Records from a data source
>>
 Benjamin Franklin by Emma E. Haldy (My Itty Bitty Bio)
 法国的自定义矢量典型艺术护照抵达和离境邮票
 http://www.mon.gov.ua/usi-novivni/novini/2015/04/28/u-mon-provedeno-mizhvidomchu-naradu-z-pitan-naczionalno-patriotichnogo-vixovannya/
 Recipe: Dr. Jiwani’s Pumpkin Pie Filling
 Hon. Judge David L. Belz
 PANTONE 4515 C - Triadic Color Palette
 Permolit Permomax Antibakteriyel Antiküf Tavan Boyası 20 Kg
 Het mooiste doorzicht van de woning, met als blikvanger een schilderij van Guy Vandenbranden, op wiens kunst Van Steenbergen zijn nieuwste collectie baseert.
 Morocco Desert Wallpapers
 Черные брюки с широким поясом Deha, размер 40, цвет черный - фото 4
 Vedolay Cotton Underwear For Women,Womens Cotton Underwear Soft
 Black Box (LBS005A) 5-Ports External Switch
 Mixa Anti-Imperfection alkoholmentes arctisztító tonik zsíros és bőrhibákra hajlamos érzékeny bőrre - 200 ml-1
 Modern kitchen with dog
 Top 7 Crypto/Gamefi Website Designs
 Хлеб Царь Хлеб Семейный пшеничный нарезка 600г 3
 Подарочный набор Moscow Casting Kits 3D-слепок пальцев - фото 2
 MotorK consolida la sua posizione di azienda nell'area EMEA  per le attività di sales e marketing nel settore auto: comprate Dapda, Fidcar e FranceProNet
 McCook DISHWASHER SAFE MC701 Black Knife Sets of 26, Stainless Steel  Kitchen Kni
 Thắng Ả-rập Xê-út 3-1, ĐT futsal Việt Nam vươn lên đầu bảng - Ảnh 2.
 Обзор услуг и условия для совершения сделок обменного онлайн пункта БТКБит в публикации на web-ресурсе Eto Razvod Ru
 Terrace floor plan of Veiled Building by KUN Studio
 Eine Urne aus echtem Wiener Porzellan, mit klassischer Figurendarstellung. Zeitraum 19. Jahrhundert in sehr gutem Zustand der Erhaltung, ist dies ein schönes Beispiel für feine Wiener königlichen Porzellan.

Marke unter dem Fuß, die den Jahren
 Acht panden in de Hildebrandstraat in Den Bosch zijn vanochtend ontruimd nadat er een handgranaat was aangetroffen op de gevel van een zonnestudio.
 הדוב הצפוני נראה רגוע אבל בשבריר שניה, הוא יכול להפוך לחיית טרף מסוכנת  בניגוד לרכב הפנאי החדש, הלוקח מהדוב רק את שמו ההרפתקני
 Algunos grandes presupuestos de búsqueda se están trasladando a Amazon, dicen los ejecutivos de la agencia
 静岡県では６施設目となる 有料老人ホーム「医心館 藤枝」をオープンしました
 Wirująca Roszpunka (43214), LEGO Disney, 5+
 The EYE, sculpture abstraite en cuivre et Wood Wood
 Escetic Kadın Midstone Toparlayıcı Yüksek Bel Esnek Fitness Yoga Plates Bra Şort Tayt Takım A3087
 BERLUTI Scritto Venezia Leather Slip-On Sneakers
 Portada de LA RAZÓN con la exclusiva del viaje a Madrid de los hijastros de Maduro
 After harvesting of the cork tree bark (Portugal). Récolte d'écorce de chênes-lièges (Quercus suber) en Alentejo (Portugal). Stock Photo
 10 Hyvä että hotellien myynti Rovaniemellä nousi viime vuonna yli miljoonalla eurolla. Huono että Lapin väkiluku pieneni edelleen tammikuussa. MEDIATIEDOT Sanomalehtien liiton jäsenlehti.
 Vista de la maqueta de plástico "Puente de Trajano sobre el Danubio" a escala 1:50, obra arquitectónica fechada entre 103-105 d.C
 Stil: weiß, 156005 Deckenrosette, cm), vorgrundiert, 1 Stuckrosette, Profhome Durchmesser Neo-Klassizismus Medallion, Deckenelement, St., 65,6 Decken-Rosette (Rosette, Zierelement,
<<
TASK TO COMPLETE: Only one stretch of the entries above is wanted: the lines from the one containing "静岡県では６施設目となる 有料老人ホーム「医心館 藤枝」をオープンしました" through the one containing "After harvesting of". Please reproduce it exactly.

ANSWER SPACE:
 静岡県では６施設目となる 有料老人ホーム「医心館 藤枝」をオープンしました
 Wirująca Roszpunka (43214), LEGO Disney, 5+
 The EYE, sculpture abstraite en cuivre et Wood Wood
 Escetic Kadın Midstone Toparlayıcı Yüksek Bel Esnek Fitness Yoga Plates Bra Şort Tayt Takım A3087
 BERLUTI Scritto Venezia Leather Slip-On Sneakers
 Portada de LA RAZÓN con la exclusiva del viaje a Madrid de los hijastros de Maduro
 After harvesting of the cork tree bark (Portugal). Récolte d'écorce de chênes-lièges (Quercus suber) en Alentejo (Portugal). Stock Photo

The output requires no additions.